# Eccentric Turning Frame



## Rangertrek (Jan 20, 2015)

I bought a Nova DVR 3000 lathe at an estate sale.  When I went to pick it up, the lady said the box of chucks, lathe tools, and the "red thing" goes with it.  Well, the red thing is a Nova Eccentric Cutting Frame.  If anyone knows and more about this tool, let me know.


----------



## wyone (Jan 20, 2015)

Well I do not know exactly how you use it, but here is a link to the manual

http://www2.woodcraft.com/pdf/ornamental_manual.pdf

It looks like you can do some incredible things with it!

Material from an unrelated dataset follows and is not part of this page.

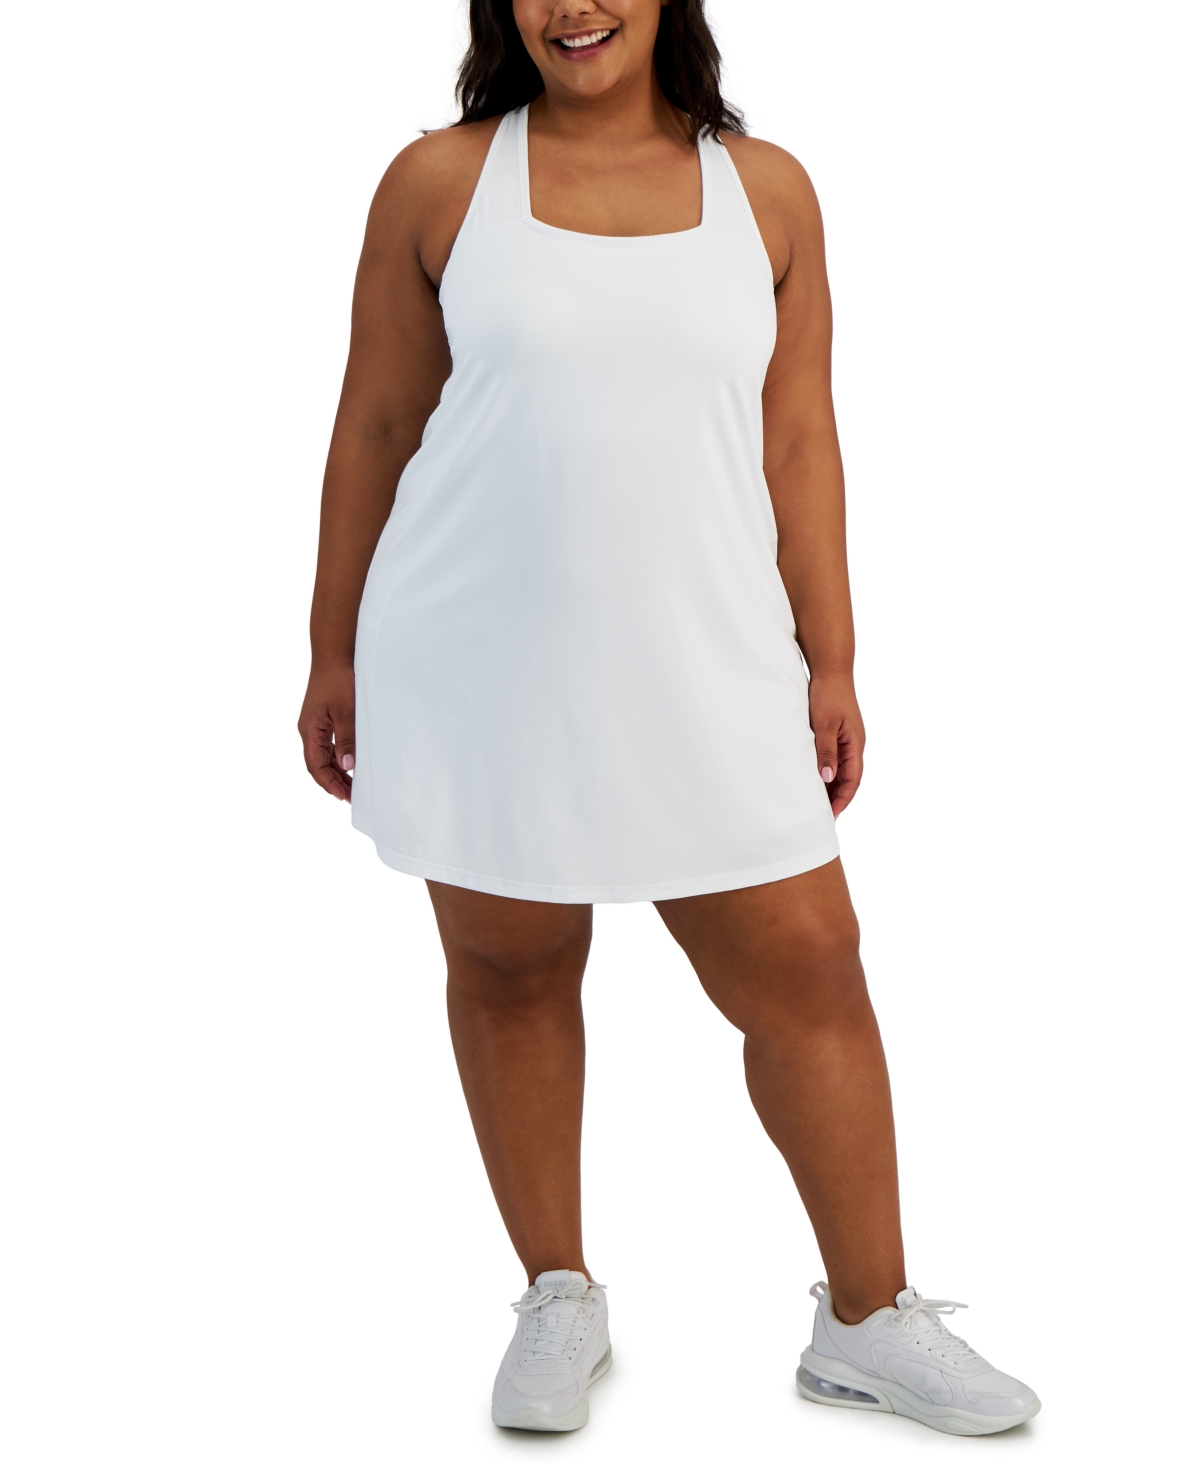 Plus Size Active Solid Cross-Back Sleeveless Dress, Created for Macy's - Bright White

Ok.. so inquiring minds want to know.. how much did you steal this setup for?  I have a feeling that THIS portion is worth more than my lathe and all my tools.


----------



## Charlie_W (Jan 20, 2015)

This is way cool! I had no idea they made an attachment like this!
This is like having a dedicated Rose Engine ornamental lathe!


----------



## wyone (Jan 20, 2015)

I am only just completely jealous!   

But hey.. at least one of US got a bonus.


----------



## southernclay (Jan 20, 2015)

Wow! That's a lot of add ons especially the ornamental! With the stand and outrigger too and and and haha. 

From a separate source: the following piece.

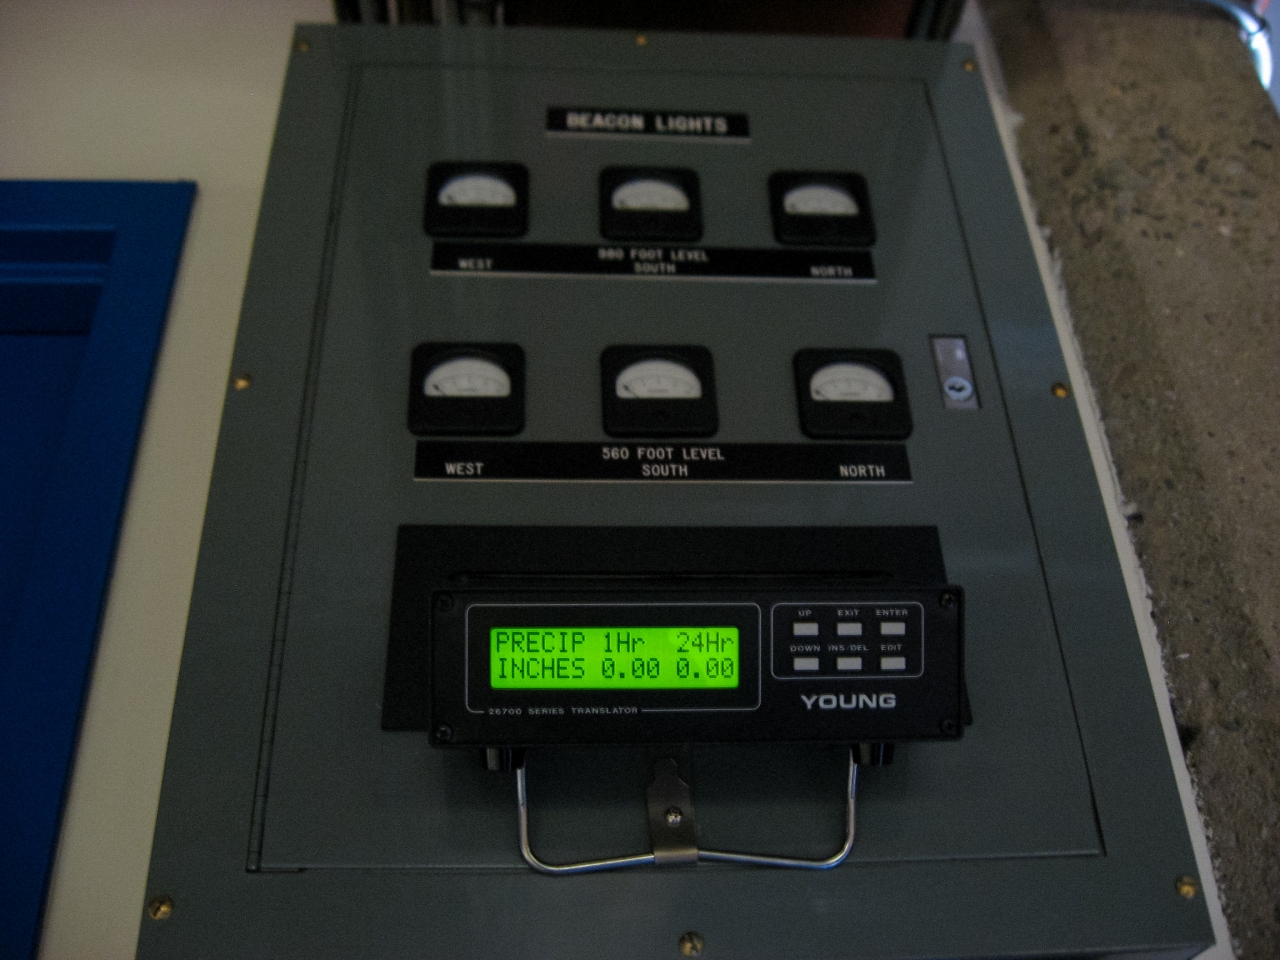 This control panel displays the weather conditions at each level of Sutro Tower.

I actually traded for the exact same lathe yesterday so very small world. If you end up not using that ornamental turner let me know if you want to send her to Georgia it'd be fun to play with. 

Nice score!


----------



## duncsuss (Jan 20, 2015)

Wow ... just a couple of months back I was talking with a member about buying his Nova ornamental turning attachment, but I didn't have the funds to cover it then. (I still don't, but since I doubt you'll be offering yours up for sale I shan't lose sleep over it :biggrin

Great score. If you only paid a fair price for the lathe, you got an exceptional deal.


----------



## dogcatcher (Jan 20, 2015)

There are a few YouTube videos that have some good info on them.


----------



## low_48 (Jan 20, 2015)

It's not made any more. Cutter goes on the headstock, wood on the "red thing". You can add decorative work, cut threads in a box, and lots more. I think they cost over $350 when they were available. That offset front piece comes off, and then you will have 1"-8 threads, unless he ordered something else.


----------



## Rangertrek (Jan 21, 2015)

I almost hate to admit what I paid for the lathe, chucks, air cleaner, and lathe tools.  It was $400 total, I made her an offer on just the lathe and she kept saying take this also.   Lady wanted to get it out of the house since house was up for sale.



duncsuss said:


> Wow ... just a couple of months back I was talking with a member about buying his Nova ornamental turning attachment, but I didn't have the funds to cover it then. (I still don't, but since I doubt you'll be offering yours up for sale I shan't lose sleep over it :biggrin
> 
> Great score. If you only paid a fair price for the lathe, you got an exceptional deal.


----------



## Rangertrek (Jan 21, 2015)

Thanks Mitch, I also found the manual on line.  Now just need some time to read and understand it.  I am not sure I got all the parts to it.  



wyone said:


> Well I do not know exactly how you use it, but here is a link to the manual
> 
> http://www2.woodcraft.com/pdf/ornamental_manual.pdf
> 
> ...


----------



## duncsuss (Jan 21, 2015)

Rangertrek said:


> I almost hate to admit what I paid for the lathe, chucks, air cleaner, and lathe tools...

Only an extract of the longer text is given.